BACKGROUND
Upregulation of sphingosine‐1‐phosphate (S1P) may mediate resistance to vascular endothelial growth factor (VEGF)‐directed therapies and inhibit antitumor immunity. Antagonism of S1P in preclinical models appears to overcome this resistance. In this phase 2 study, the authors assessed the activity of sonepcizumab, a first‐in‐class inhibitor of S1P, in patients with metastatic renal cell carcinoma (mRCC) with a history of prior VEGF‐directed therapy.
METHODS
Patients were required to have clear cell mRCC and to have received treatment with at least 1 prior VEGF‐directed agent. Prior treatment with immunotherapeutic agents and ≤1 mammalian target of rapamycin inhibitors was permitted. The primary endpoint of the study was progression‐free survival. Additional endpoints included response rate and safety, and overall survival (OS) performed post hoc.
RESULTS
A total of 40 patients were enrolled with a median of 3 prior therapies (range, 1‐5 prior therapies), 78% of whom had intermediate‐risk disease by second‐line International Metastatic Renal Cell Carcinoma Database Consortium (IMDC) criteria. Although the current study did not achieve its primary endpoint based on the 2‐month progression‐free survival, a median OS of 21.7 months was observed. Four patients (10%) demonstrated a partial response, with a median duration of response of 5.9 months. No grade 3/4 treatment‐related adverse events were observed in >5% of patients (adverse events were graded and recorded for each patient using Common Terminology Criteria for Adverse Events [version 4.0]); the most frequent grade 1/2 treatment‐related adverse events were fatigue (30%), weight gain (18%), constipation (15%), and nausea (15%).

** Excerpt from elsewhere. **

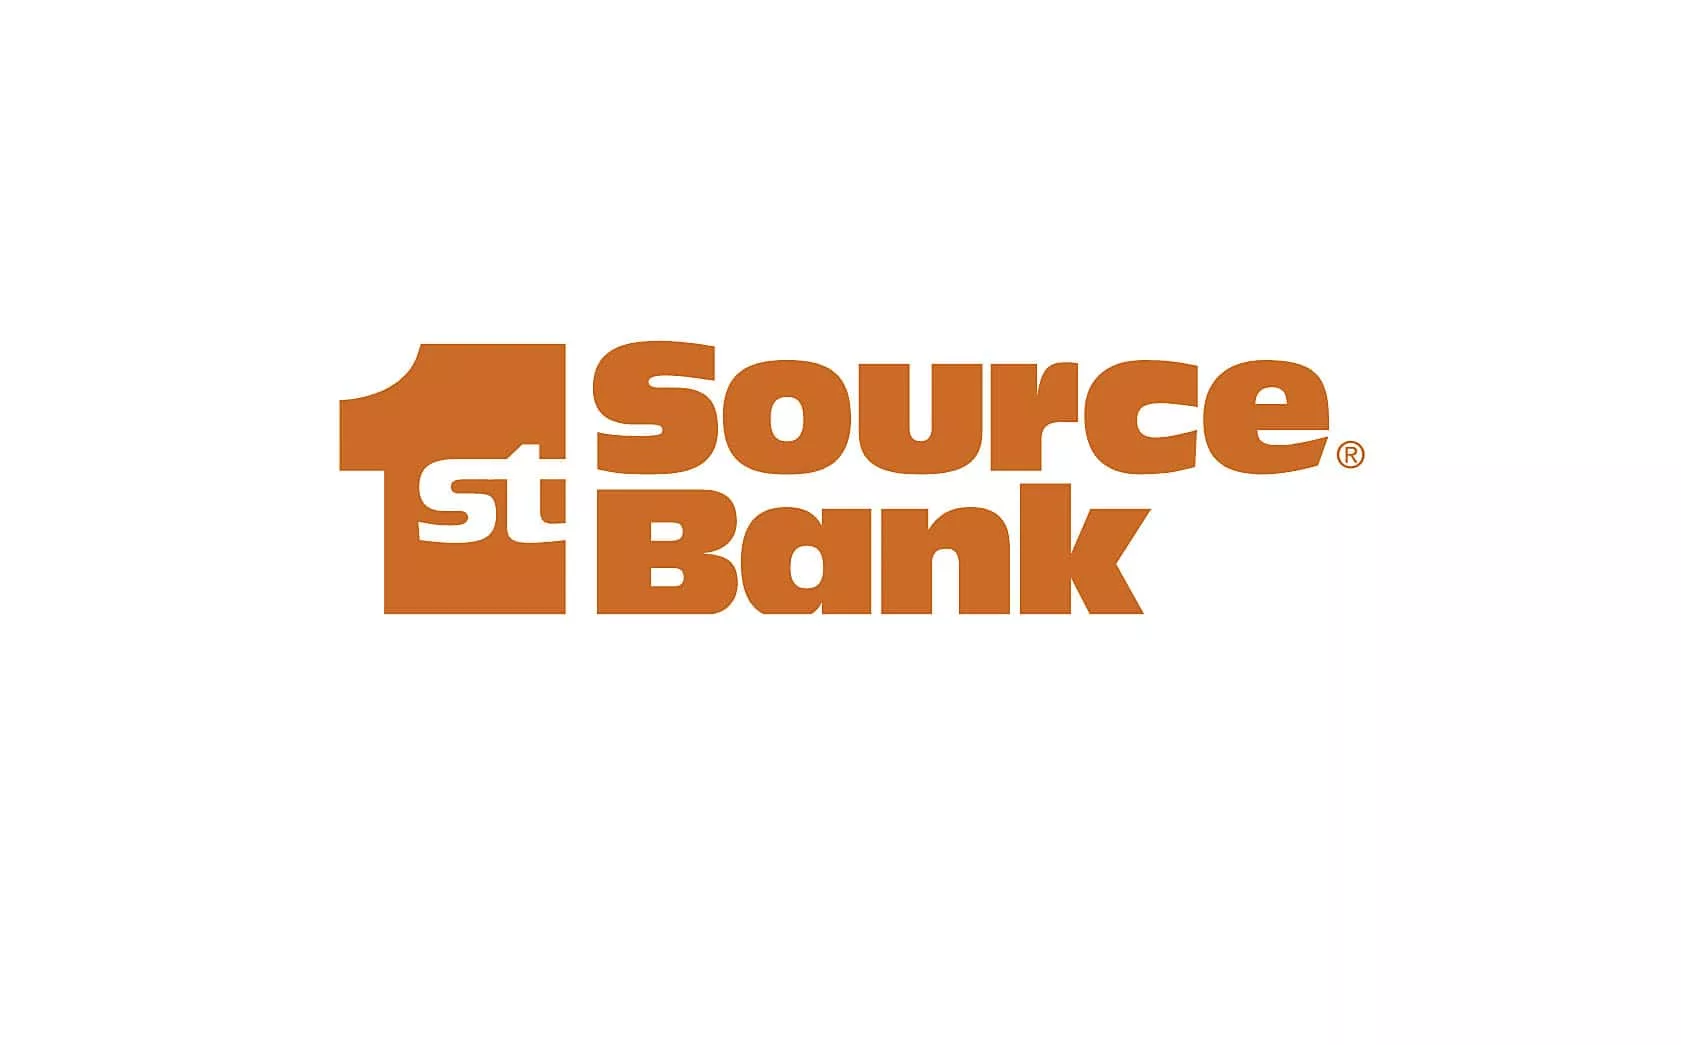 1st Source logo

Biomarker studies demonstrated an increase in S1P concentrations with therapy. Comprehensive genomic profiling of 3 patients with a clinical benefit of >24 months indicated von Hippel–Lindau (VHL) and polybromo‐1 (PBRM1) alterations.
CONCLUSIONS
The encouraging OS and favorable safety profile observed with sonepcizumab should prompt further investigation of the agent in combination with VEGF‐directed agents or checkpoint inhibitors. Cancer 2017;123:576–582. © 2016 American Cancer Society.